Pressure and radiation values are normalized visualization quantities — not calibrated
acoustic measurements. Adding fields that consumers can ignore, or restructuring internal
stages, is safe; changing the meaning of an existing field without a coordinated migration
is not.

### Control schema

The source of truth for control keys, defaults, applicability, and whether a control is
live or debug-only. Changing a label is cheap. Changing a key that is persisted or synced
is a compatibility change, because that key is effectively part of a stored format.

### Persistence

Only controls marked **live** are saved into presets and auto-save; debug-only controls
are excluded. Loading starts from schema defaults, drops unknown keys, falls back to
defaults for missing ones, and normalizes a few legacy fields forward. Adding a new live
control with a correct default is usually safe; renaming or removing a persisted key needs
explicit migration.

### Visualization method

`raymarch` is the only supported method. Legacy values (`fullscreen-volume`, `cymatics-2d`)
collapse to `raymarch` at ingress. The field is kept as a constant for forward
compatibility; there is no user-facing visualizer selector.

### Performance profile

Three values: `auto` (adaptive step-budget behavior on), `custom` (adapts toward an explicit
frame budget), and `max-quality` (step-budget adaptation off). Persisted control/config
ingress still migrates the legacy `none` alias to `max-quality`; live render profiles stay
canonical. The user-facing wording is "Performance Profile," but some compatibility fields
still use `qualityPreset` or `renderQualityPreset` — treat those as naming vocabulary that
still matters, not as free renames.

### Input semantics

Line-feed / system input and acoustic-microphone input are intentionally distinct analysis
paths; collapsing them into a single live-input mode is high-risk.

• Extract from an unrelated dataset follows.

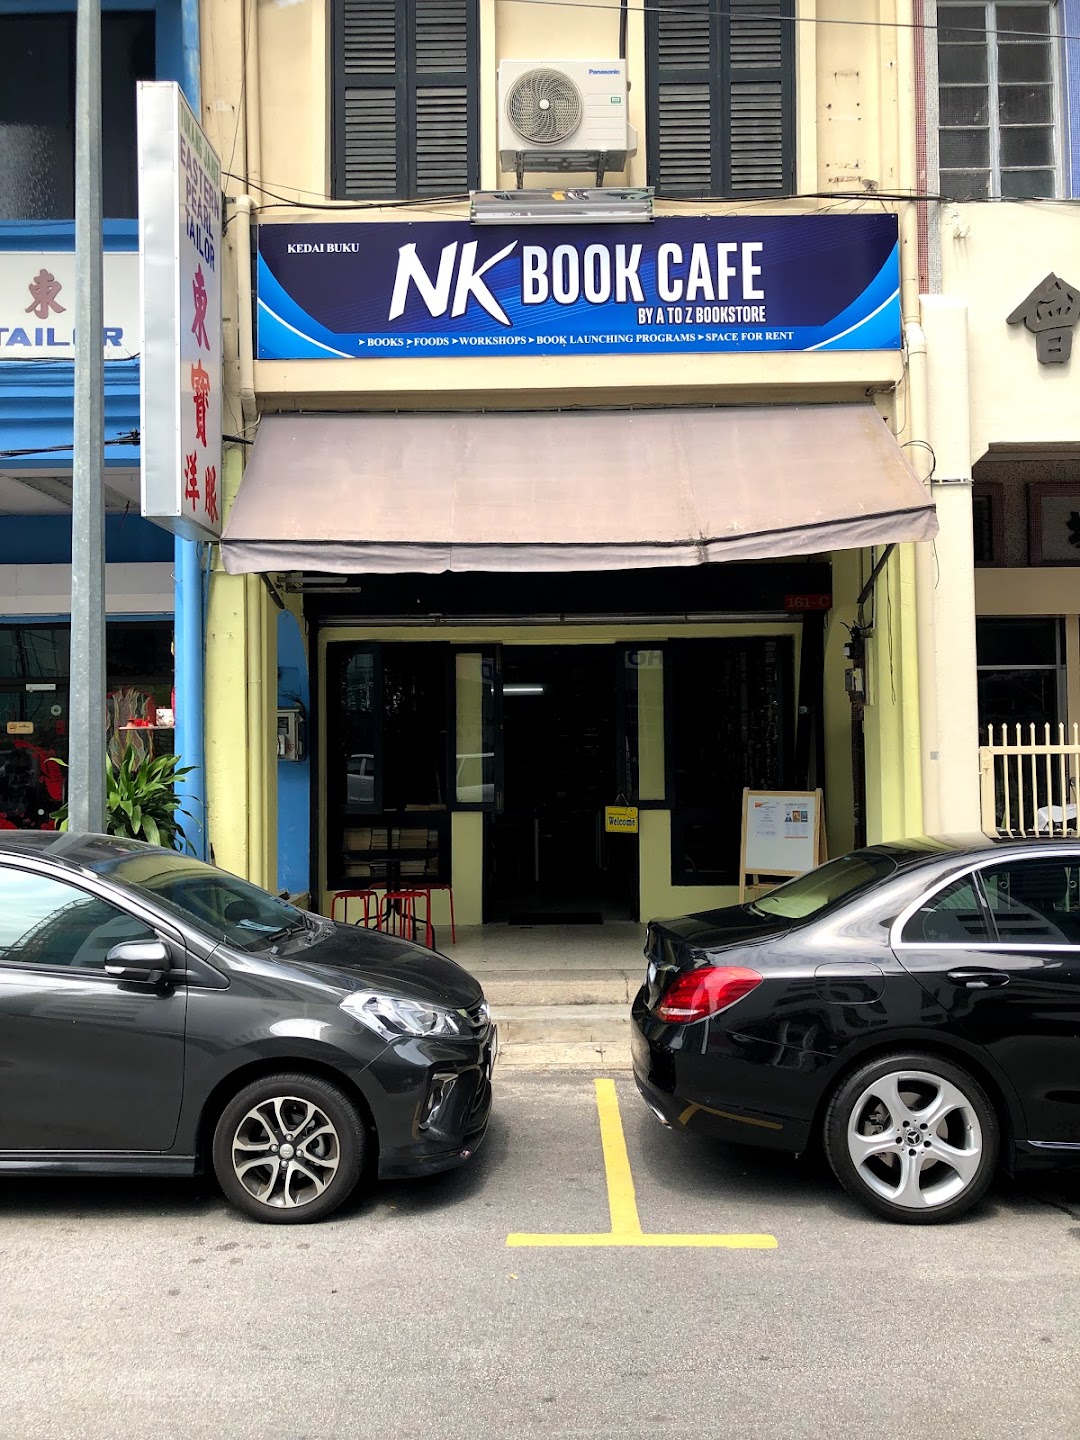 NK BOOK CAFE

Within acoustic-mic
input, the **Voice** and **Ambient** profiles are small policy deltas over one shared
engine, not separate analyzers. Source confidence is input evidence only — it does not
grant render authority.

### Spectral Light color

Color is part of audio interpretation: it is produced before the render boundary and
carried through the modal color slots, never reconstructed from raw FFT bins inside the
renderer. A color value must not promote a mode on its own. The detailed Spectral Light
architecture lives in the engine whitepaper.

## Changing the engine safely

Before moving a boundary, ask whether the change is **semantic** or an **implementation
detail**, whether the value crosses persistence or host boundaries, and whether tests
already assert its shape. Prefer normalization layers and dual-read compatibility over
broad renames — string churn at these boundaries is how cross-host breakage happens.